A few months after the events, Harris posted a longer, two-and-a-half-hour assemblage from that night that used his own video as well as that of forty-four additional sources. He synchronized the footage so the entire scene unfolded in real time, allowing viewers to watch while following the time of day down to the tenth of a second. (It’s a remarkable achievement in video editing.) And it is there, at the spot marked by Harris as 23:47:37 p.m., that the film picks up a confrontation between the teenager Kyle Rittenhouse and Joe Rosenbaum, a thirty-six-year-old man who suffered from bipolar disease and had only that afternoon been released from a psychiatric hospital where he had been placed for monitoring after a suicide attempt. At 23:48:37 the camera shows Rittenhouse, his AR-15 at the ready, running by a second Car Source garage with Rosenbaum in pursuit. Rosenbaum throws a plastic bag at Rittenhouse, but he misses his target. At 23:48:44, a BLM protester fires a warning shot in the air. The video is unclear on what happens next, but eyewitnesses reported that as they entered the car lot, Rittenhouse turned around to face Rosenbaum, who then reached out in the direction of Rittenhouse’s rifle. In the video, we hear four shots ring out, and Rosenbaum is down.

Rittenhouse waits a few seconds while one of the videographers—McGinniss—kneels to attend to the man. McGinniss tells Rittenhouse to call 911. Instead, he turns and runs from the scene, speaking into his cell phone. You can’t tell from the video, but it’s later reported that he said, audibly, “I just killed somebody!” That exclamation—whether delivered in exaltation or in shock—prompts the crowd to recognize him as a shooter on the loose.

We hear “Cranium that boy!
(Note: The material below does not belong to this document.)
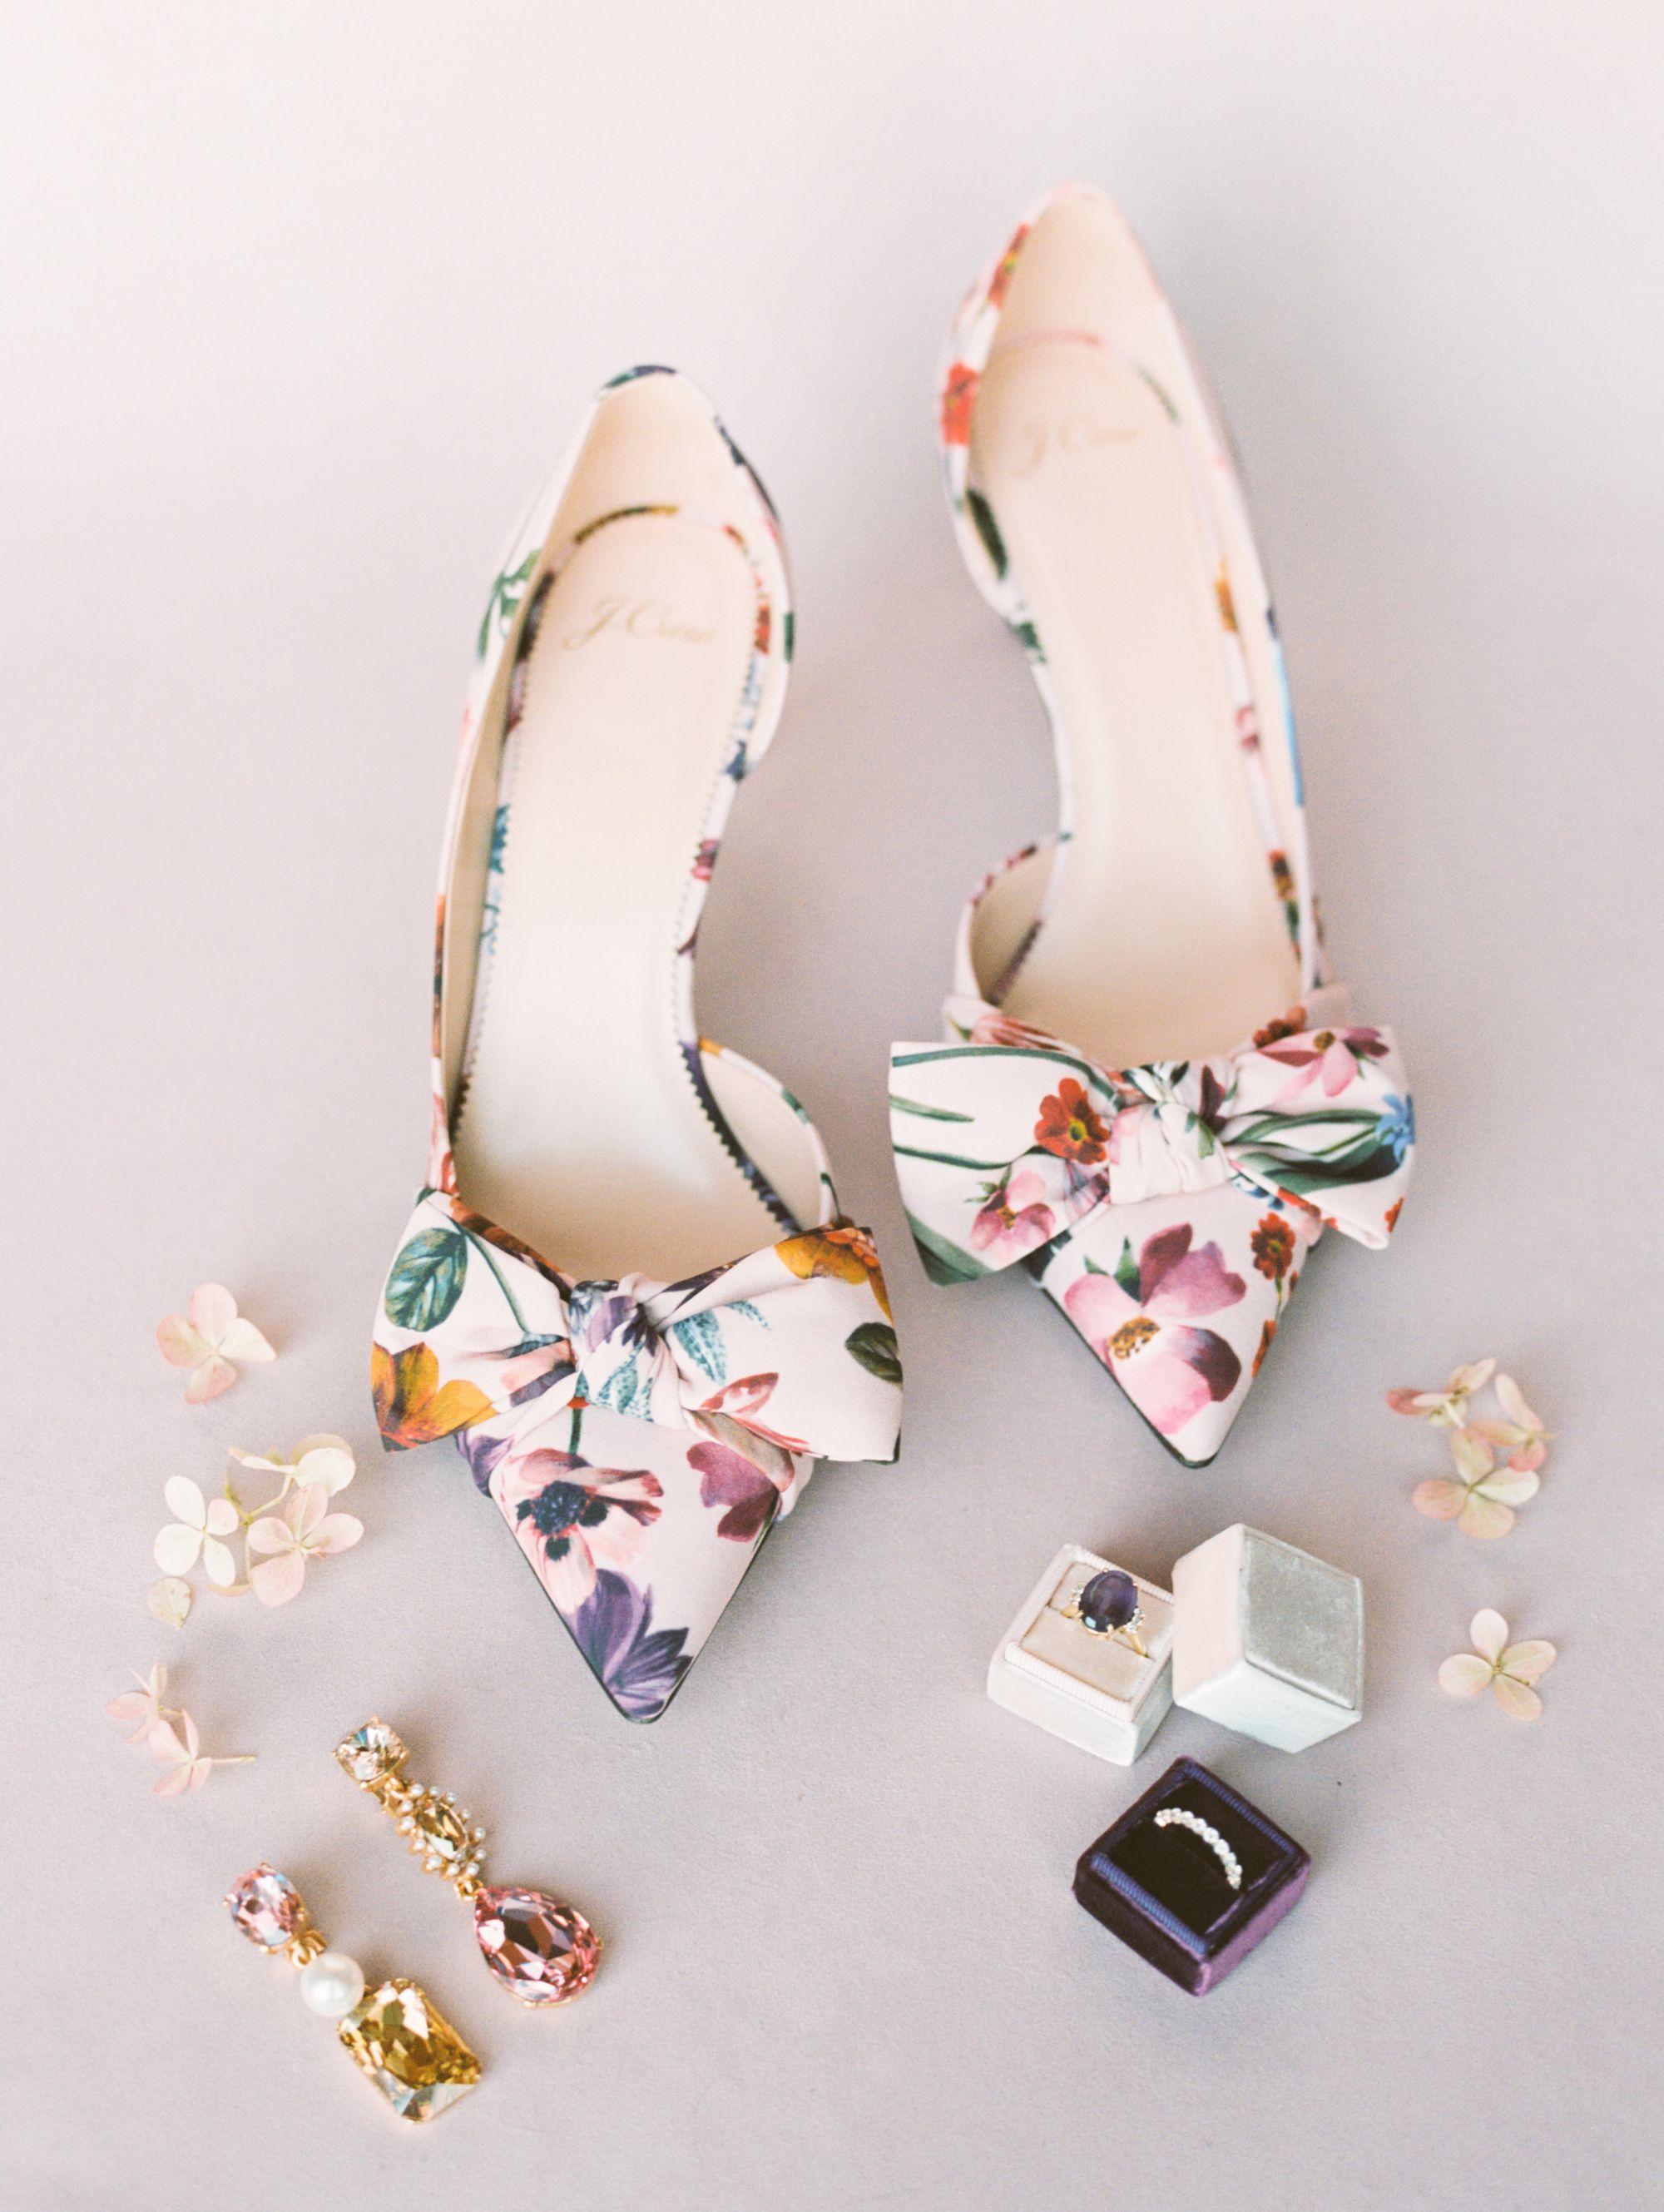 Colorful Floral Wedding Shoes For Bride Floral Wedding Shoe Wedding Shoes Bride Shoes
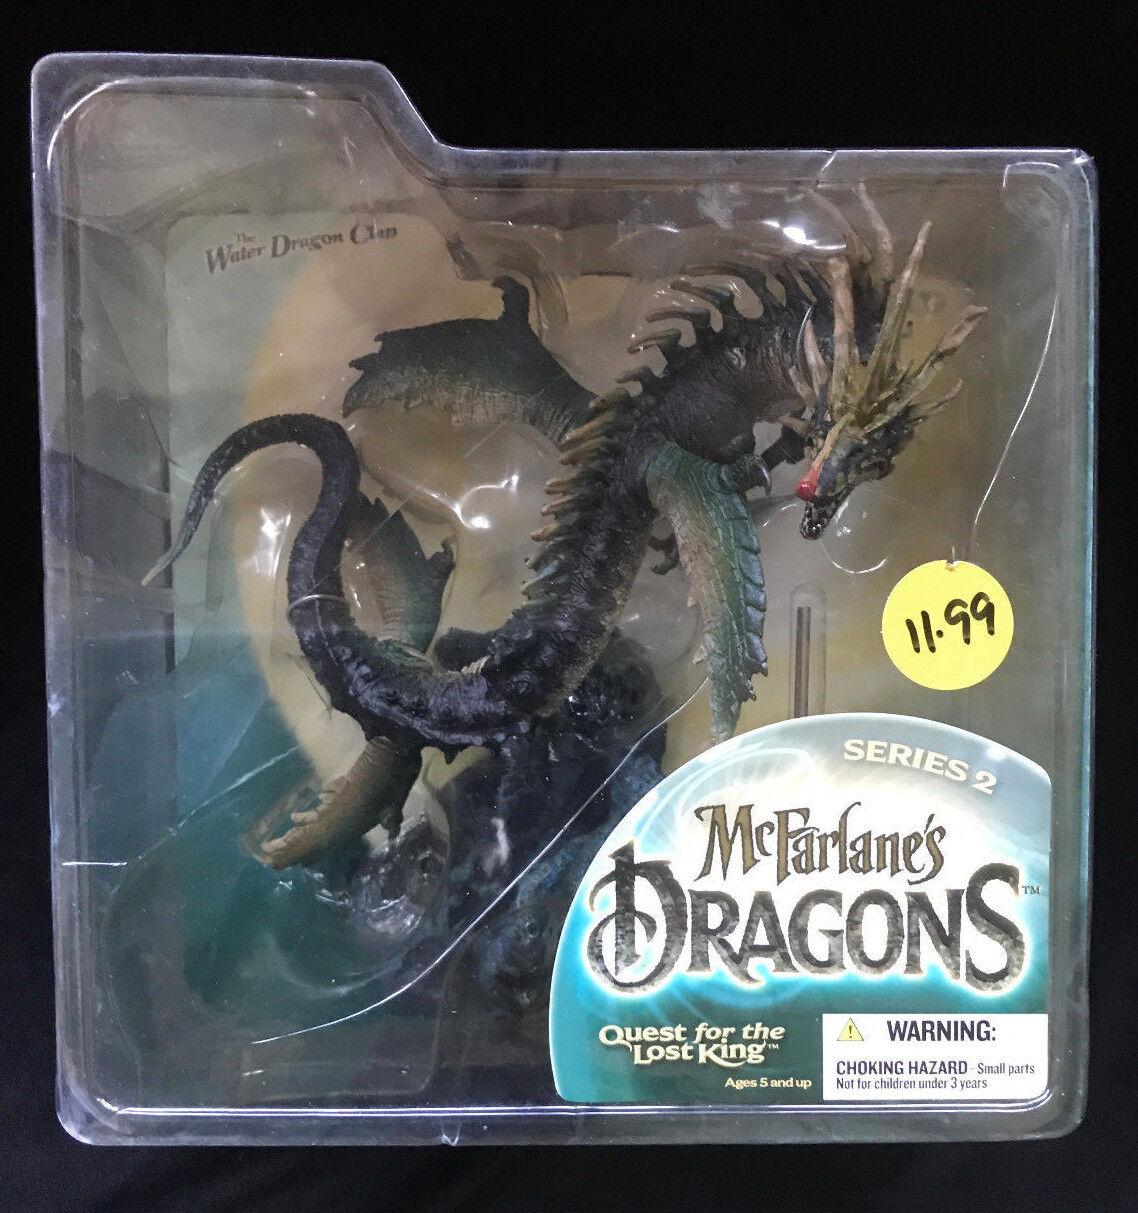 McFarlane/'s Dragons Series 2 Water Dragon Clan Action Figure Sealed MOC MISB

He just shot a man” at 23:49. “Why’d he shoot him?” someone asks incredulously. “Why?” In fear, some people run from Rittenhouse; others move toward him with the intention of stopping him in his tracks. Rittenhouse, running down the street, trips and falls.

Anthony Huber, a twenty-six-year-old who had been a regular at Kenosha BLM protests, throws his skateboard at Rittenhouse’s head. From the ground, in a prone position, Rittenhouse fires his rifle at Huber. In fact, the teenager would shoot three people that night: Rosenbaum, who died of his wounds; Huber, who also died; and Gaige Grosskreutz, a BLM protester who carried a pistol and a medical kit.